"We call this a very deliberate process," J.T. Hand, the Chief Operating Officer of The York Water Company, said. "This is a very deliberate, well thought out, complex process."
Here's the gist. The reservoir needs to be drained so work can be done on the dam, that way you can have safe and reliable drinking water. That's it. But Hand's enthusiasm is infectious.
"This is an unbelievably exciting opportunity. Not without its challenges, not without its complexity," Hand said.
Horses, mules, and a lot of manpower. That's what it took in 1912 to build the reservoir. The process was well documented with photos. Fox 43 got a first hand look at what was, 106 years ago.

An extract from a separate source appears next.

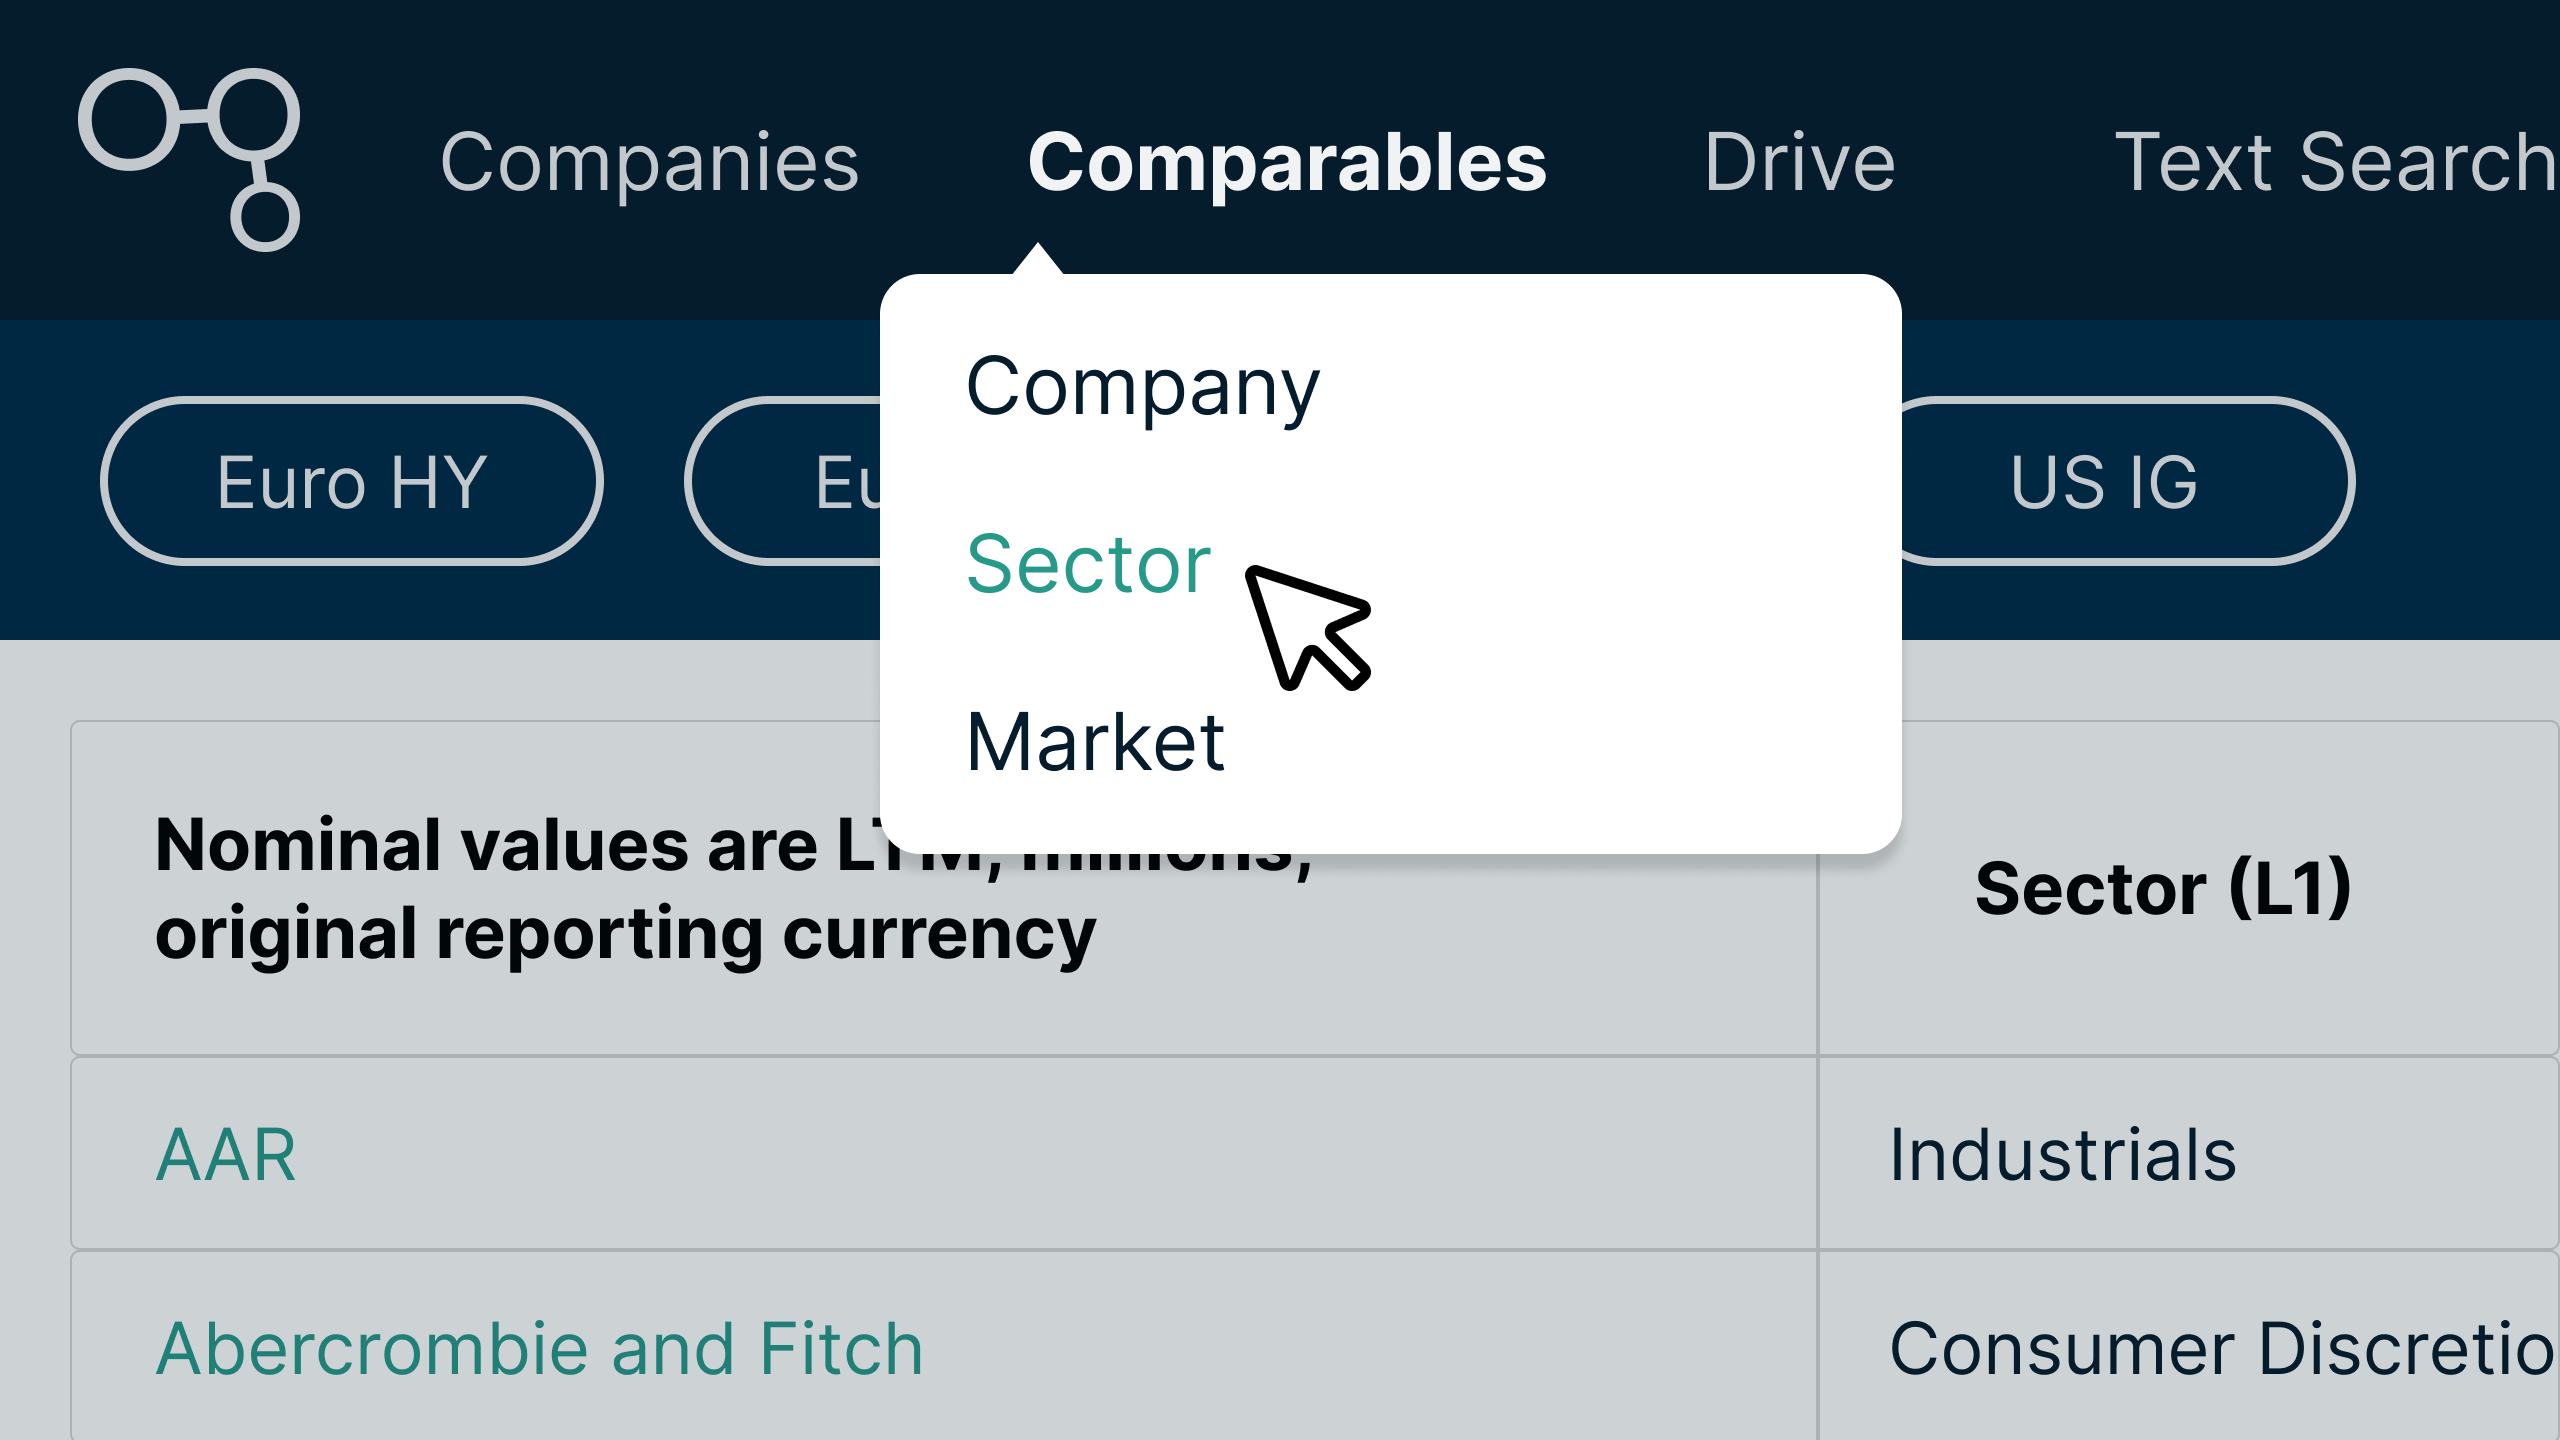 Cross-market analytics: Sector Comparables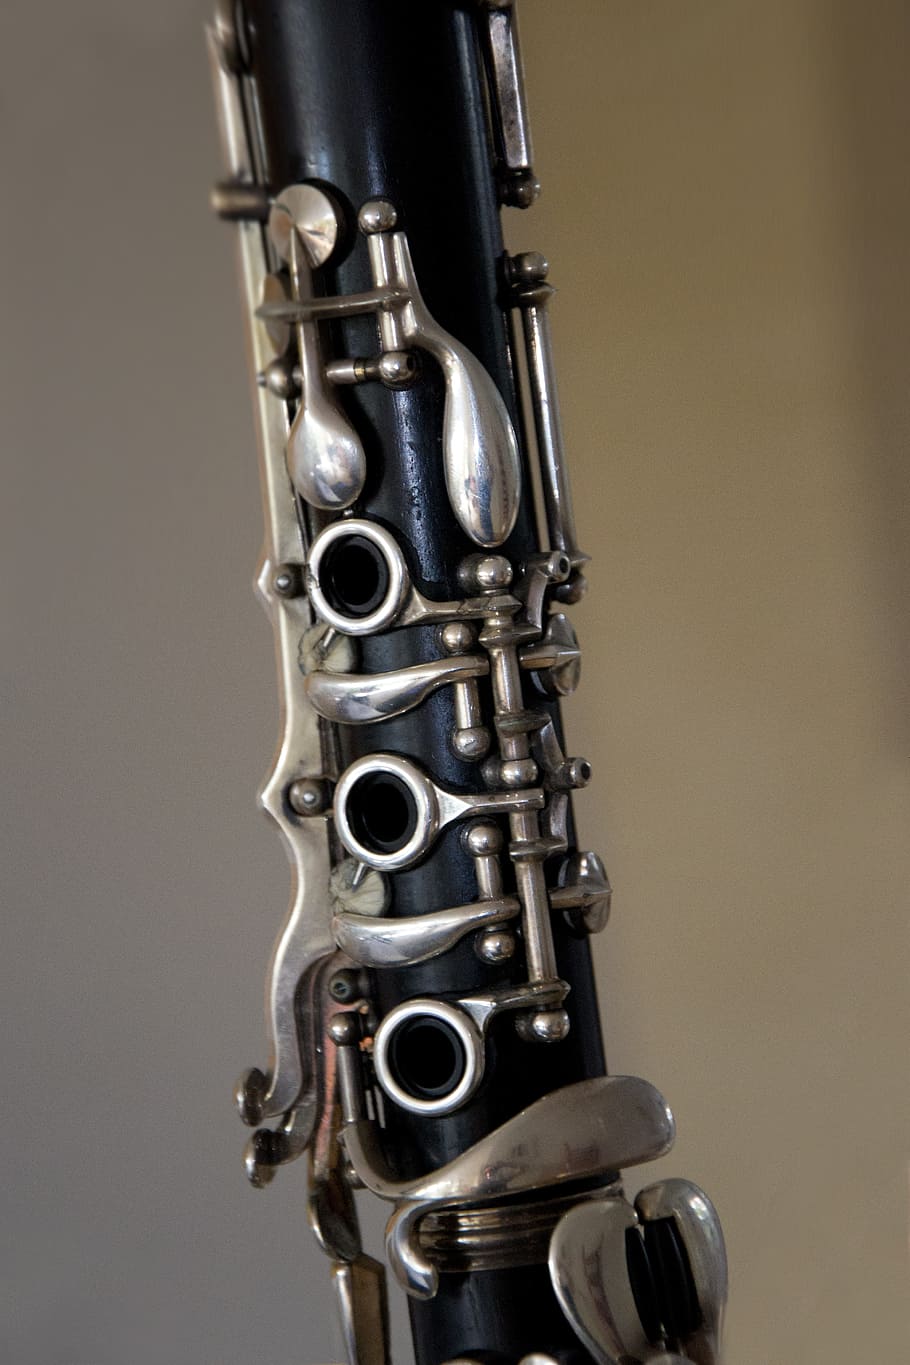 Hd Wallpaper Close Up Of Black And Silver Clarinet Musical Instrument Woodwind Wallpaper Flare

The reservoir's capacity is about one billion gallons of water. Right now, there's about 300 million gallons left. There's nothing wrong with the dam currently. Work needs to be done just to maintain it's integrity. Plus, dam safety regulations have changed since 1912.
"We're installing a valve on the upstream face of the dam to replace the valve structure which currently exists on the down face stream of the dam," Hand said.
Unfortunately, Mother Nature threw them a curve ball.
"Over 15 inches of precipitation this July and August...set us back just a little bit but we've regained some of the float in our schedule," Hand said.
All of that water is being drained into the Codorous Creek. They're planning on it being all but empty by mid-September. They said construction will last 45 days, then Mother Nature will take care of filling it back up.
Water Street will close on September 4th where it crosses over the dam. It will remain closed until the project is complete. The entire cost of the project is an estimated 7 million dollars.